李星凡心有余悸,摸着胸口说:“天老爷,我们刚从楼里出来还没三分钟吧?”
坍塌之前,毫无征兆。
要不是他们已经出来了,恐怕就要被埋了。
就算再厉害的玄门术士,也是肉体凡胎,钢筋混凝土的掩埋下,也得十死无生。
谢隐楼面色不大好,说:“魏老可没说,这栋楼是那两只邪祟撑起来的。”
楚灵焰也沉了脸,说:“这栋楼早就塌了,这些年,所有人看到的大楼,其实是个海市蜃楼的假象罢了。”
这么多年,无人察觉,可见其厉害之处。
连楚灵焰都没察觉这竟是个如同兰若寺一般的鬼楼。
所以,当日不管是小满把徐浩博他们从天台上头朝下吊着,还是徐浩博被推下十多米高的楼,其实都是假的、不复存在的。
至于徐浩博为什么会身负重伤——谁又能说,海市蜃楼不是另一个真实存在的时空呢?
动静闹得太大,引得不少人出来围观。
“这楼怎么突然塌了?”
“天老爷,我刚就听见一阵轰隆隆的声音,吓得我把锅铲都给丢了,还当是地震了,这楼不是废弃很长时间了吗?这是又有施工队搞拆迁?”
“没看见施工队啊,也没看到地震预警,怎么会这样?”
“我刚看见了,他们几个从楼里面走出来后,楼就轰隆一下子塌啦!”一个围观的小朋友,在一群大人议论纷纷的时候,指着楚灵焰一行人很大声地说了一句。
无数视线瞬间落在一行四人身上。
楚灵焰:“……”
我说这事儿跟我没关你信吗?
“你们几个,是在楼里面放炸弹了吗?”一个穿着大裤衩光着膀子就跑出来的大哥,一脸狐疑地盯着几个犯罪嫌疑人。
“没有没有,都是误会,我们也就是从这儿经过。”李星凡赶紧解释。
“那不能够。”旁边被吓掉锅铲的大妈皱着眉头用怀疑的眼神打量着四人组,说:“这烂尾楼已经在这儿十多年了,平常也就几个街溜子往里面跑,你们看着不像是街溜子,倒像是有预谋犯罪的。”
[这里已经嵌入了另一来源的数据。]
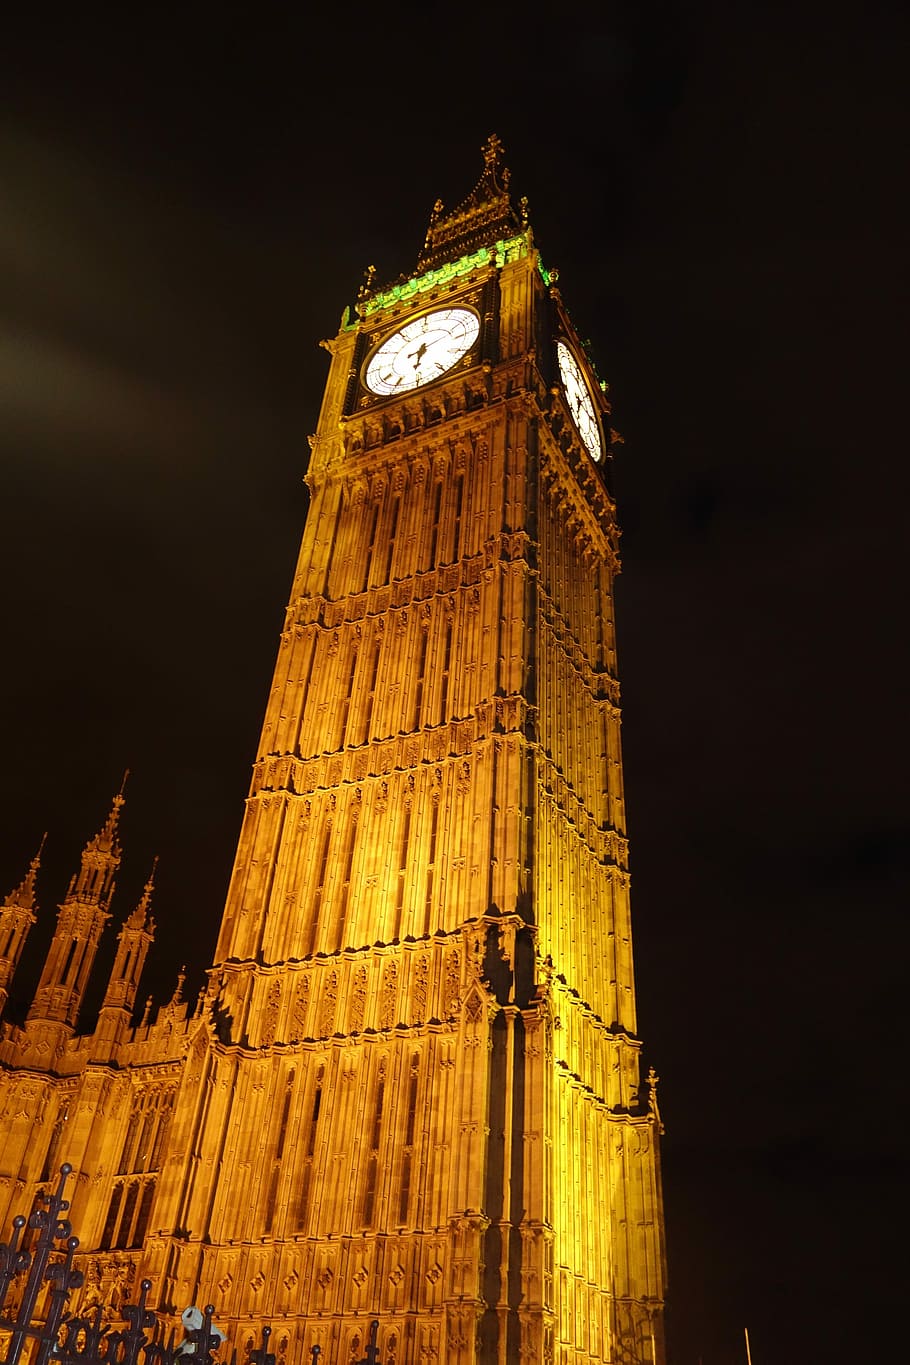 Relógio, Torre, Marco, Europa, Londres, parlamento, monumento, Inglaterra, Big Ben, casas do Parlamento - Londres

楚灵焰也是服了,说:“这位阿姨,我们真就是路过,不信您自己进去看看有没有炸弹,我们本事再大,也不可能没事儿把楼给炸了吧?”
“那你说你们进去干嘛的。”
“就是,我看你们长得也好看,穿的也人模狗样的,怎么成天干点偷鸡摸狗的事儿?”